How to Answer ML Model Questions

Premium

Overview

Model selection and optimization questions assess your knowledge of the modeling techniques used in production machine learning systems. The interviewer may also ask about algorithms you’ve used in past projects. Some sample questions include:

  1. Describe your favorite machine learning model to a non-technical stakeholder.
  2. Describe how splits in a decision tree occur.
  3. Why did you choose a deep learning model rather than a different model in project X?

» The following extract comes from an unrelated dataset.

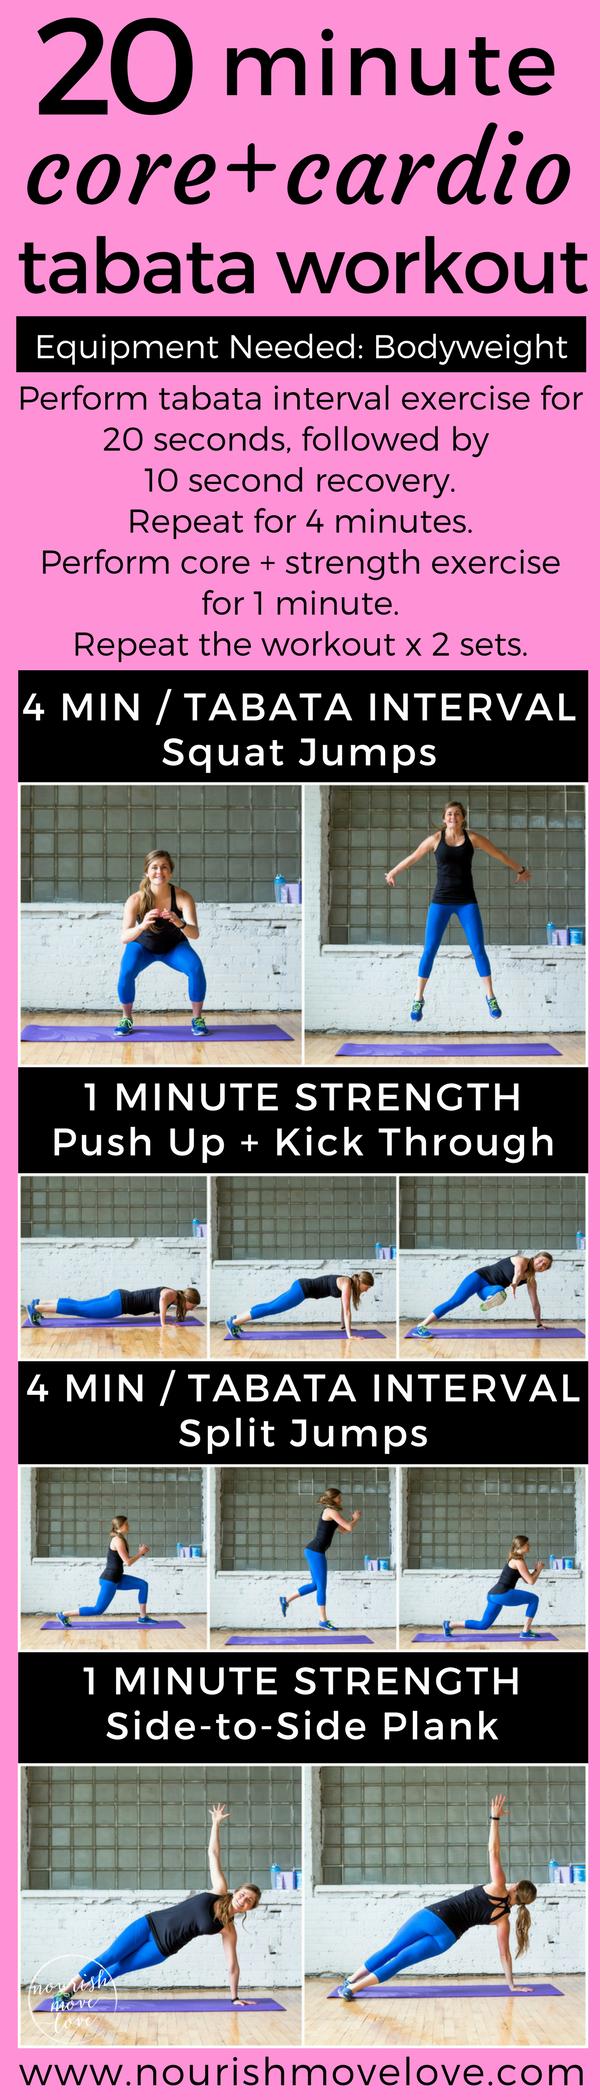 20-Minute Bodyweight Tabata Workout | Nourish Move Love

To prepare for these types of questions, review the terms under the “Model selection and optimization” section of our ML Interview Glossary.

How to answer

You should know how to apply modeling techniques to real-world problems. For example, say you’re given customer data for an app. You’re asked how you’d determine new product ideas based on customer similarities. To answer this question effectively, you should explain why this project can’t be done with supervised learning by describing the missing components. Then, you should discuss the appropriate algorithms you’d use. Finally, you should explain how you would use the results of your algorithm to make product decisions.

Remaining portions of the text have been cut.